One creative way that cannabis crop cultivators might be able to manage the costs associated with a catastrophic crop insurance program would be to establish a co-op, according to Boden, whereby hemp cultivators in X, Y and Z counties could pool together in order to drive down their premiums and get the coverages they need. But in order for any kind of crop insurance co-op to be successful, more insurance carriers are going to have to get comfortable underwriting outdoor crop risk.

At present, many insurers remain tentative about providing outdoor crop insurance coverage for a number of reasons. Boden explained: “First off, there’s simply less control over the environment. That’s why a lot of cultivators choose to grow indoor or greenhouse crops because they can control those extremes and they can limit damages from extreme weather. When it’s an outdoor crop, they can’t do as much risk mitigation.  
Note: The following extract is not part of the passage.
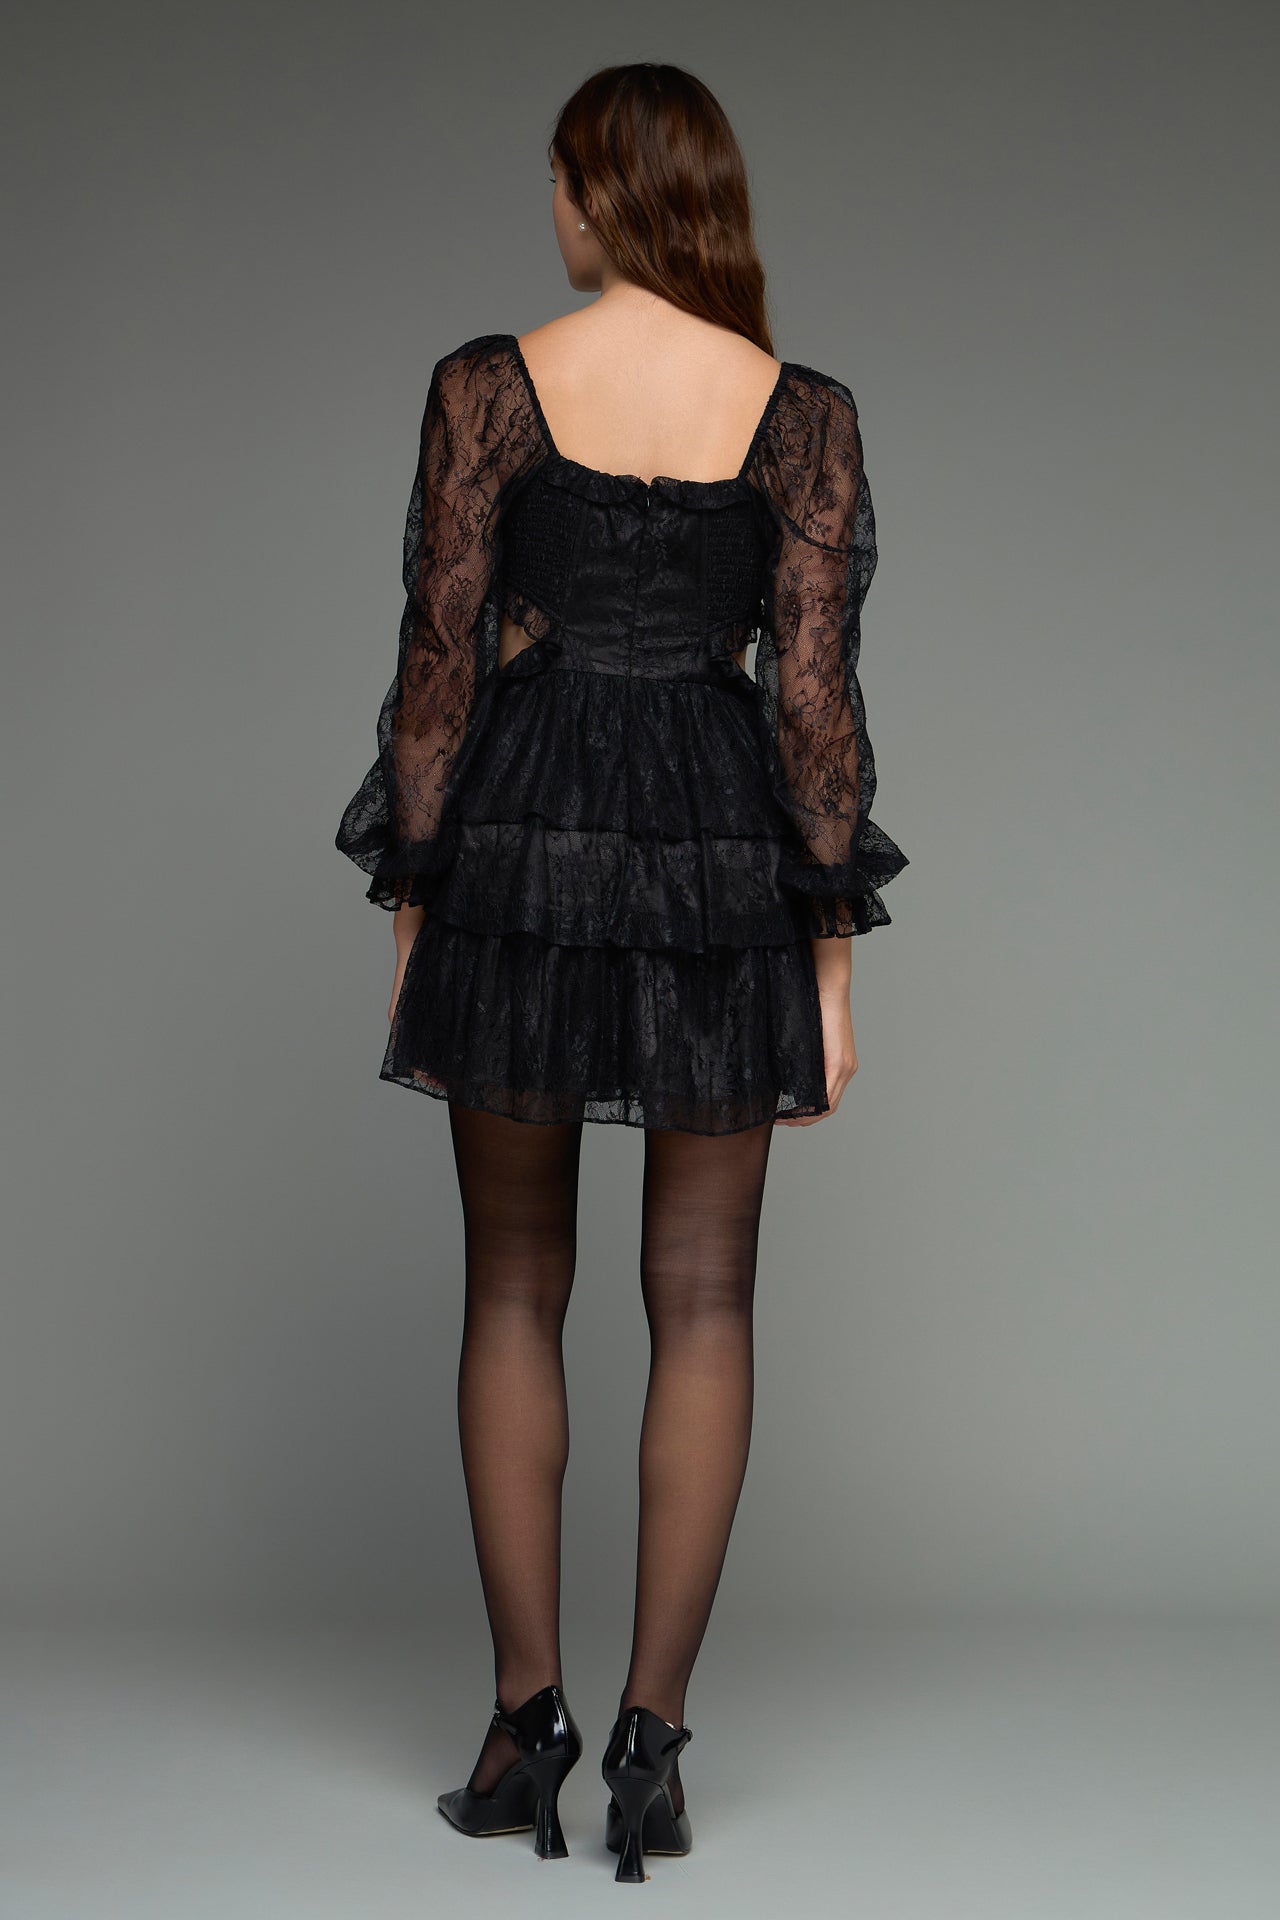 ENDLESS ROSE - Premium Lace Mini Dress - DRESSES available at Objectrare

“On top of that, another reason why carriers have been tentative is that the values for cannabis crops are so much higher than they are with traditional crops. Even if only a handful of plants are destroyed, that could be a $100,000 loss. One more thing is that everything is data-driven with insurance. How actuaries come up with their premiums and numbers – it’s all based on prior losses and trying to guess what’s going to happen in the future – and at the moment, they just don’t have the numbers or the information they need to accurately write outdoor cannabis crops.”